START COLLECTED DATA

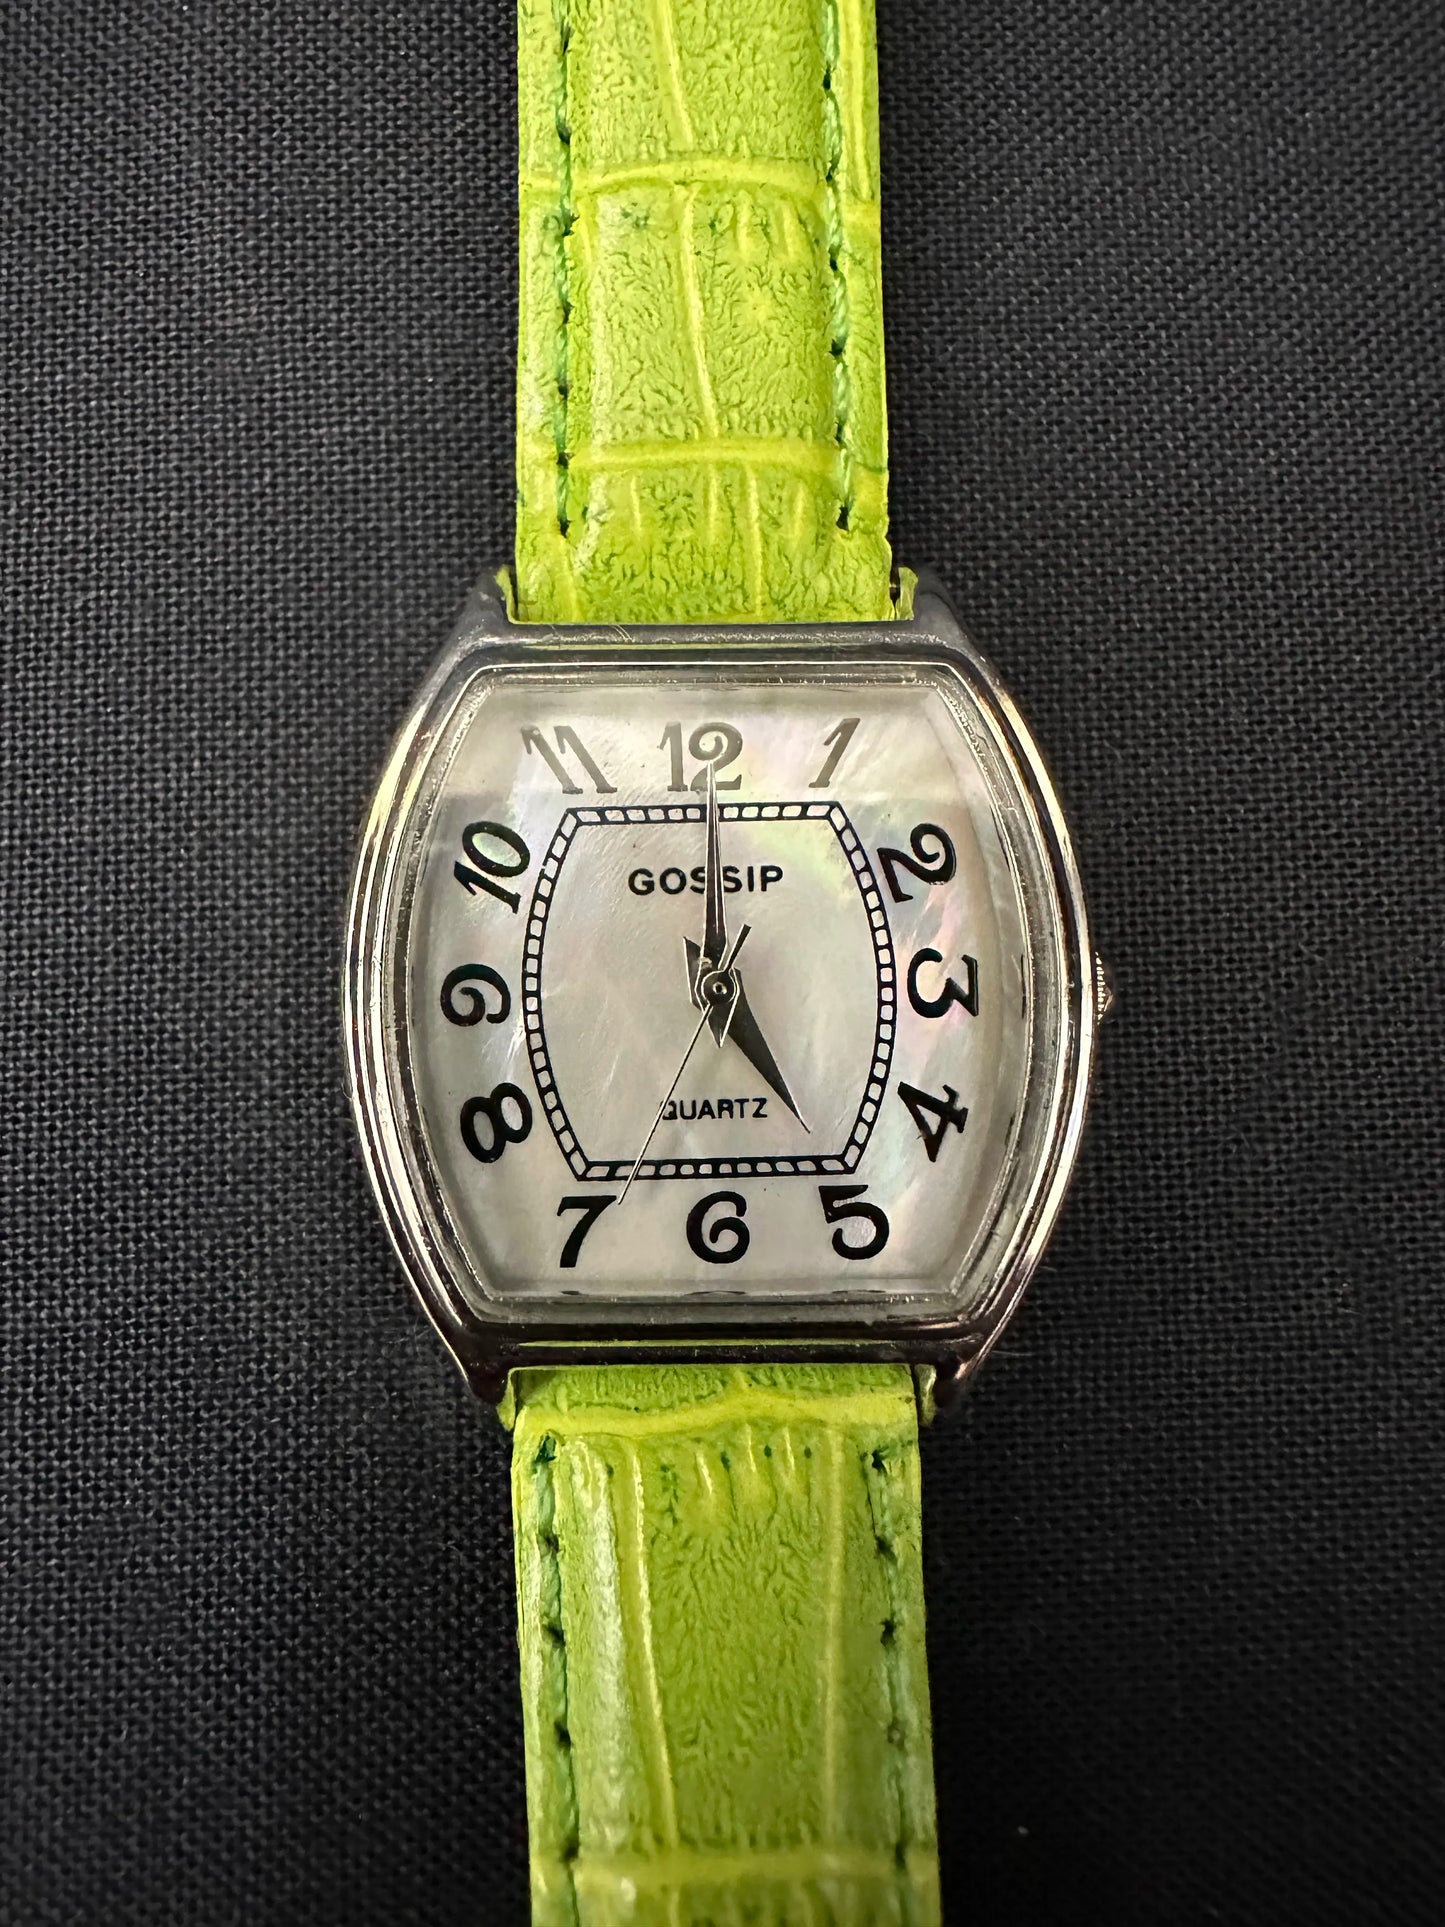 Gossip Watch with green band
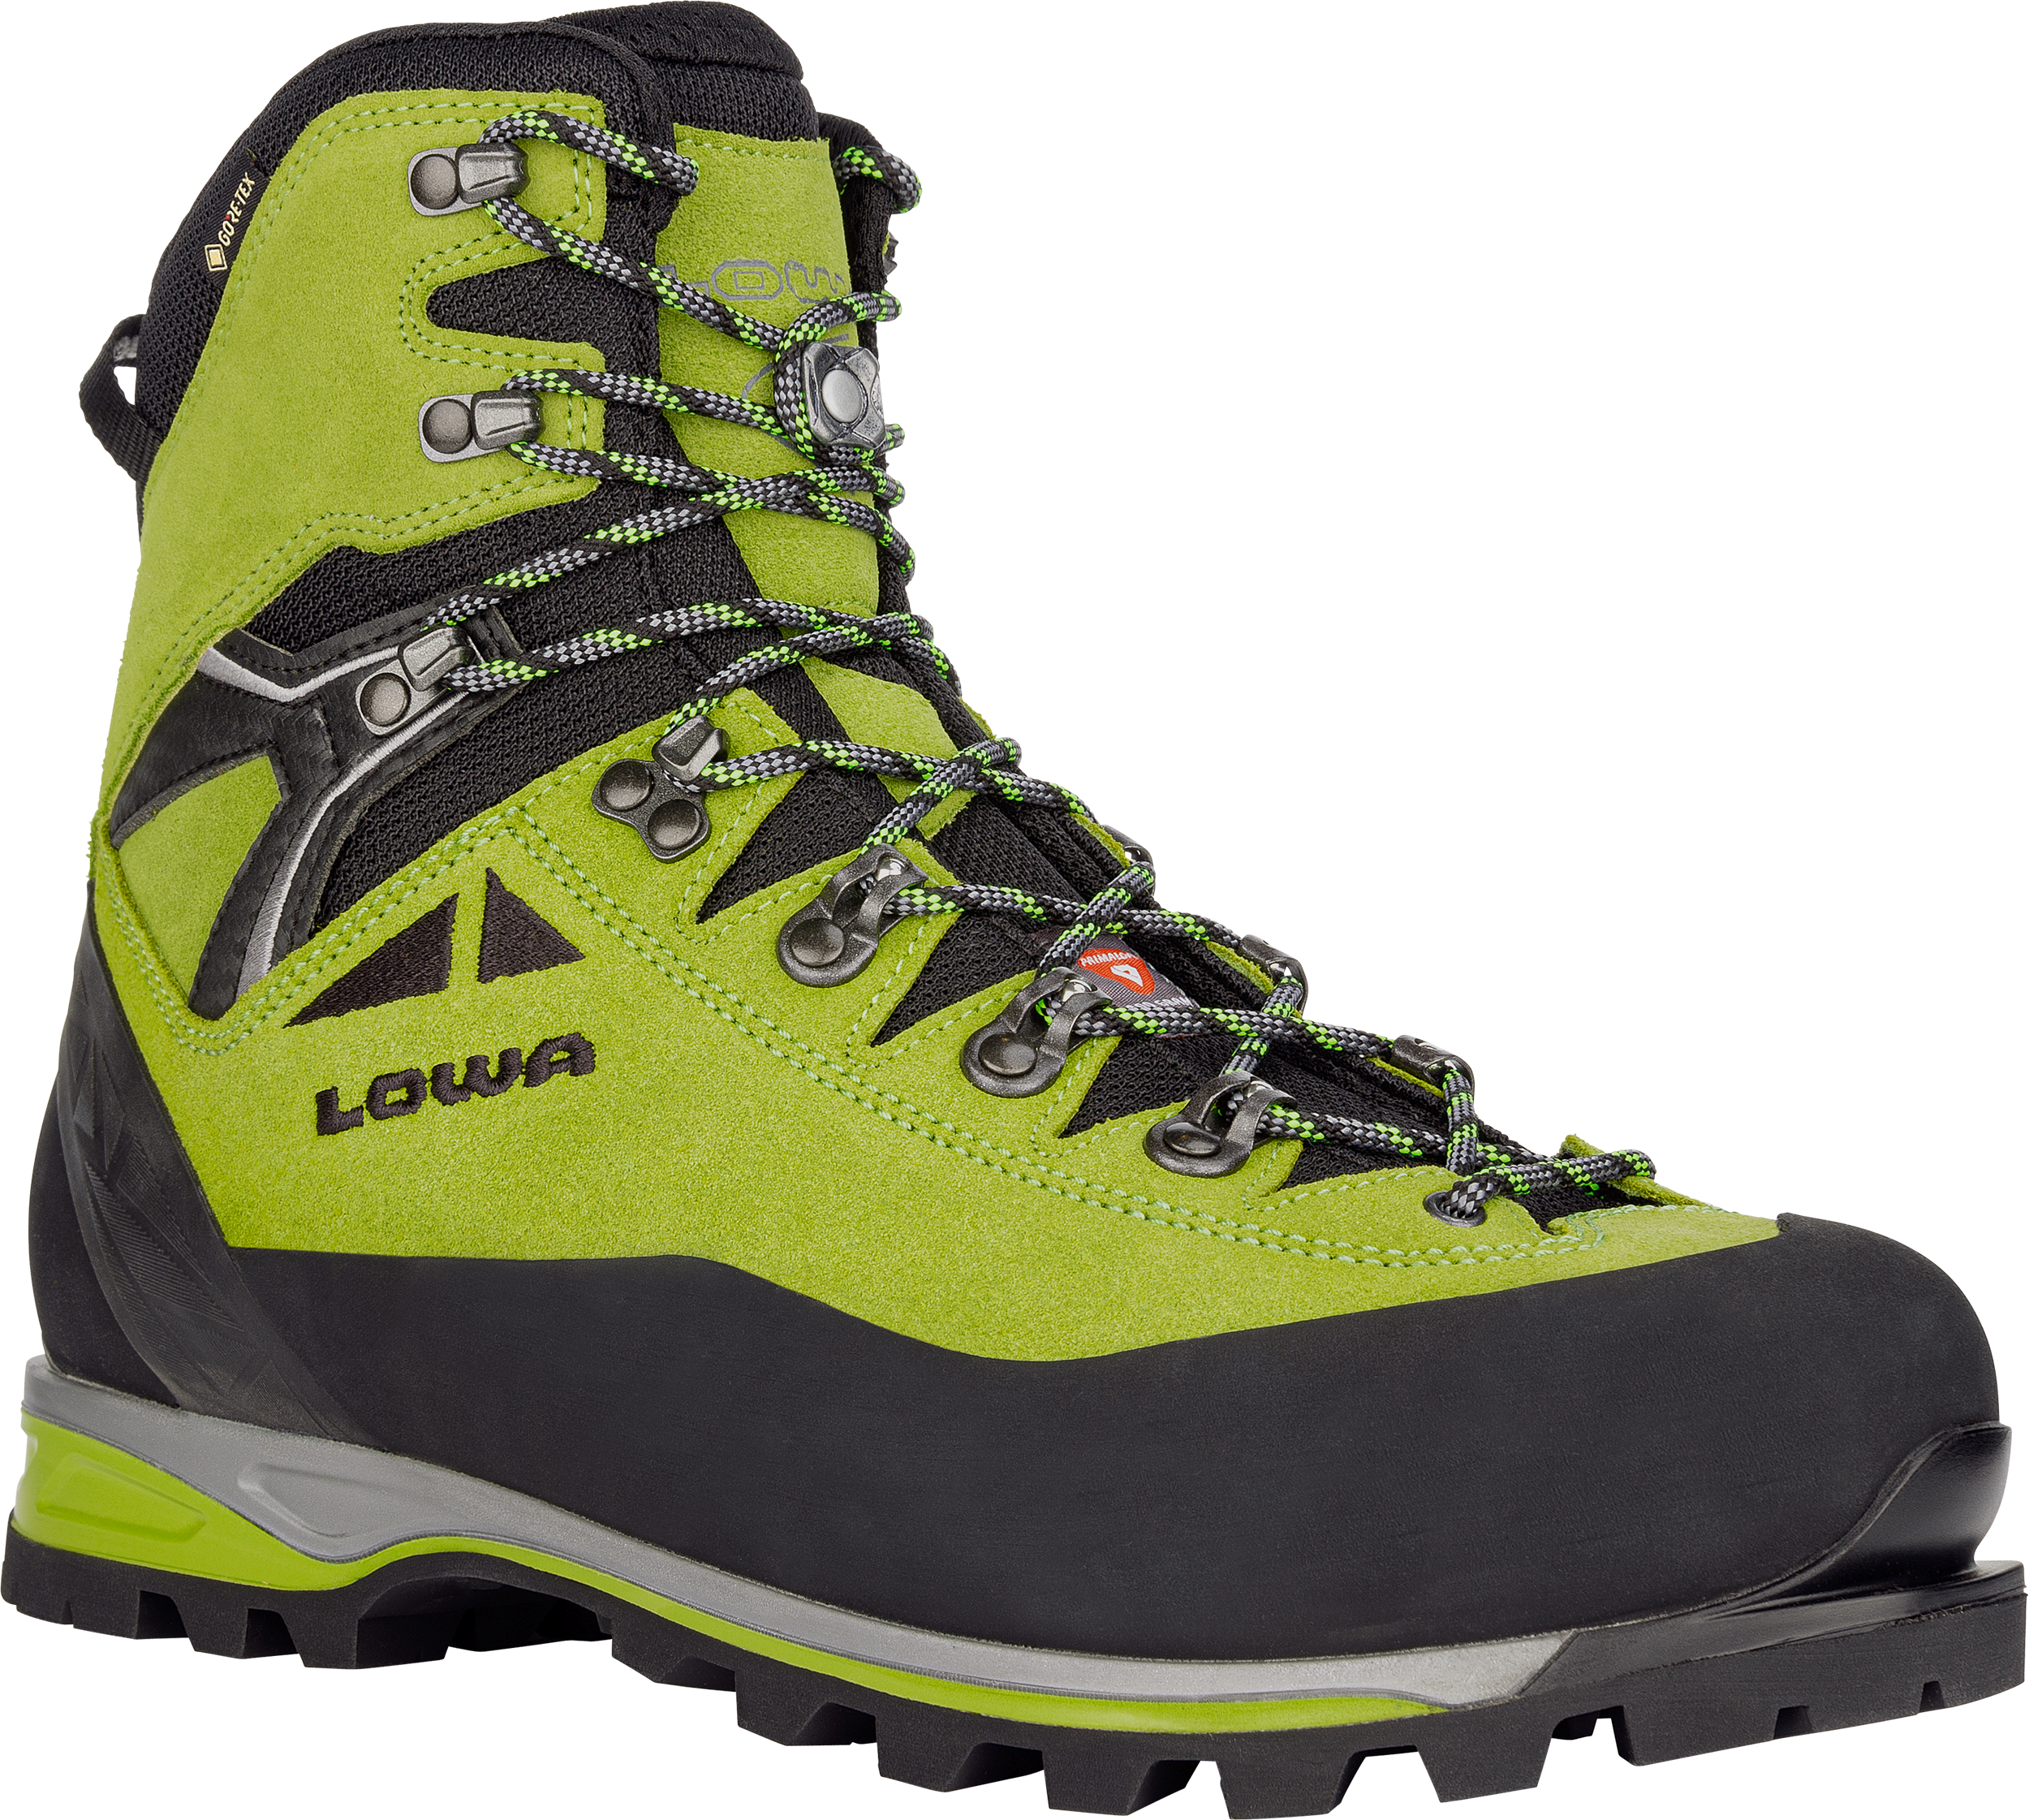 Madeliefje Malaise holte ALPINE EXPERT II GTX: MOUNTAINEERING shoes for men. | LOWA INT
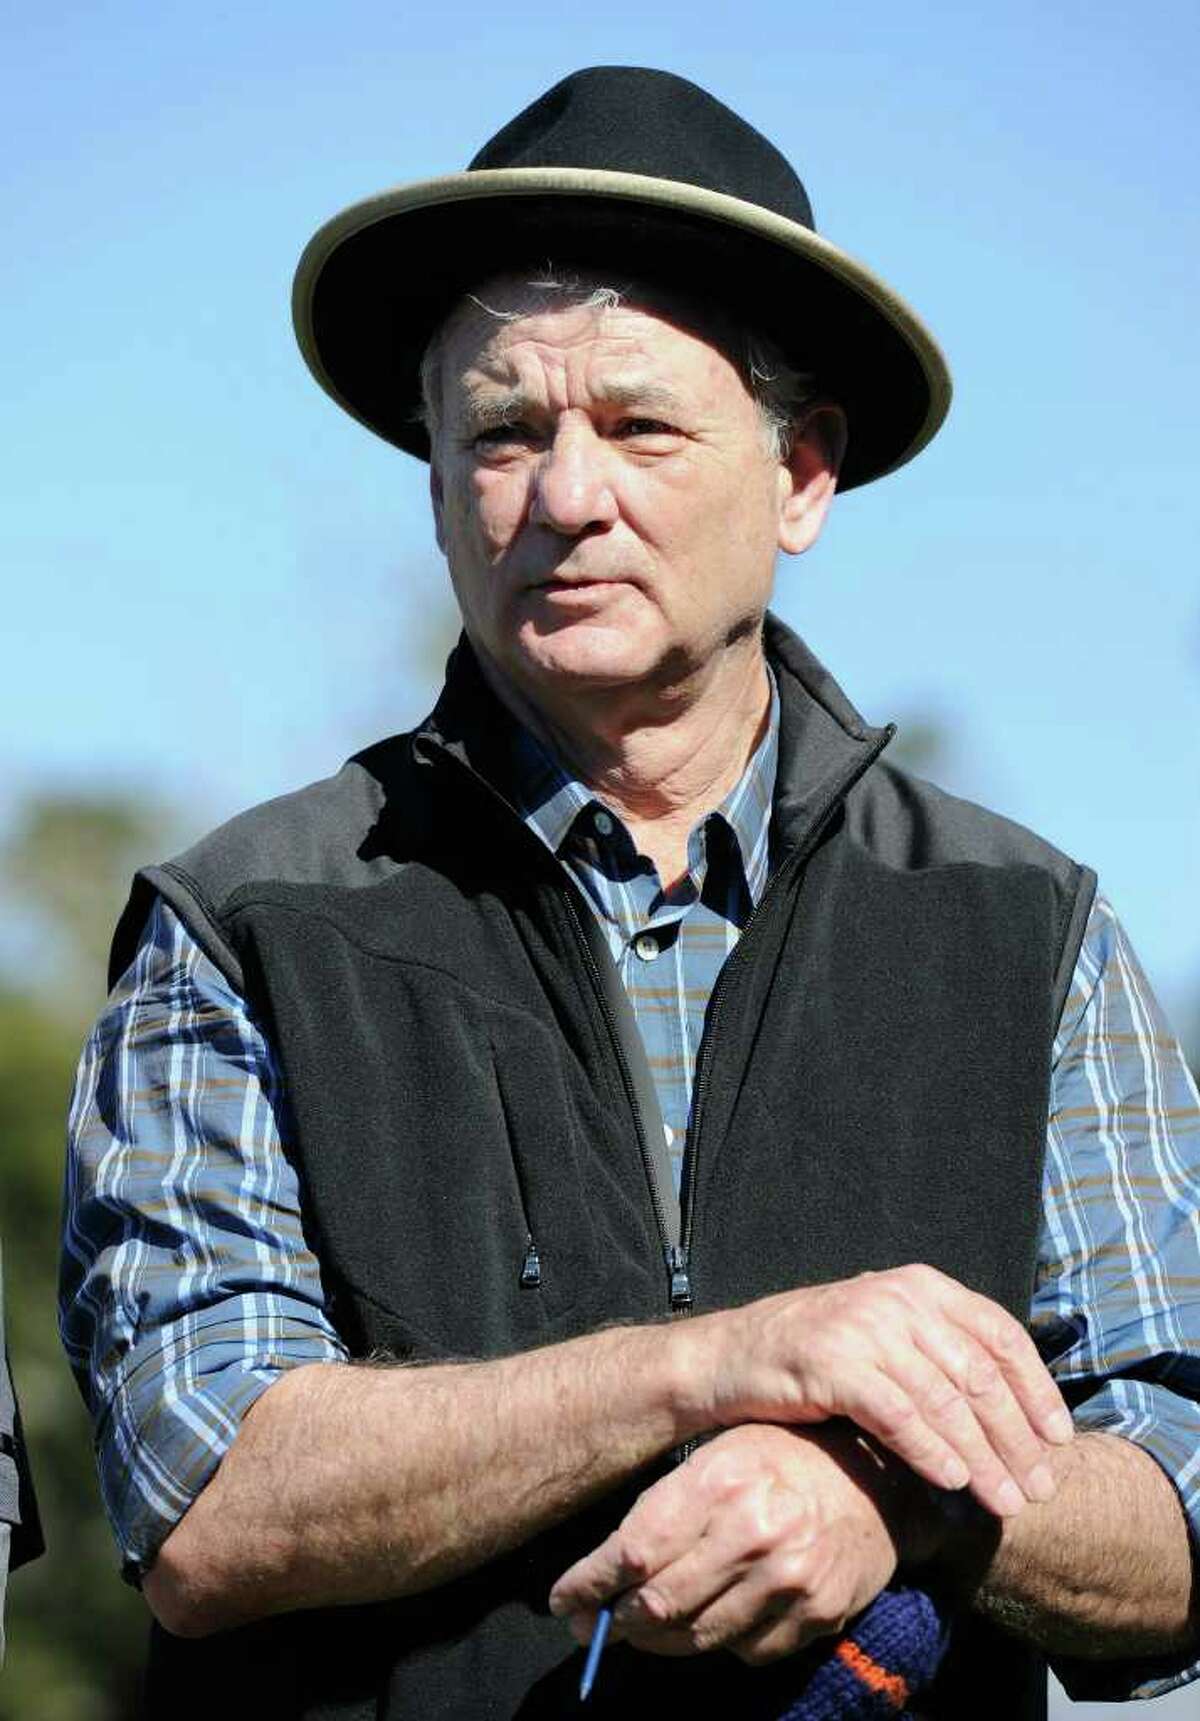 PEBBLE BEACH, CA - FEBRUARY 09: Actor Bill Murray ponders a shot during the 3M Celebrity Challenge at the AT&T Pebble Beach National Pro-Am at Pebble Beach Golf Links on February 9, 2011 in Pebble Beach, California. (Photo by Stuart Franklin/Getty Images)

END COLLECTED DATA

→ WORK ITEM: Please output all the data exactly as given, with the pictures omitted.

→ EXERCISE RESPONSE:
 Gossip Watch with green band
 Madeliefje Malaise holte ALPINE EXPERT II GTX: MOUNTAINEERING shoes for men. | LOWA INT
 PEBBLE BEACH, CA - FEBRUARY 09: Actor Bill Murray ponders a shot during the 3M Celebrity Challenge at the AT&T Pebble Beach National Pro-Am at Pebble Beach Golf Links on February 9, 2011 in Pebble Beach, California. (Photo by Stuart Franklin/Getty Images)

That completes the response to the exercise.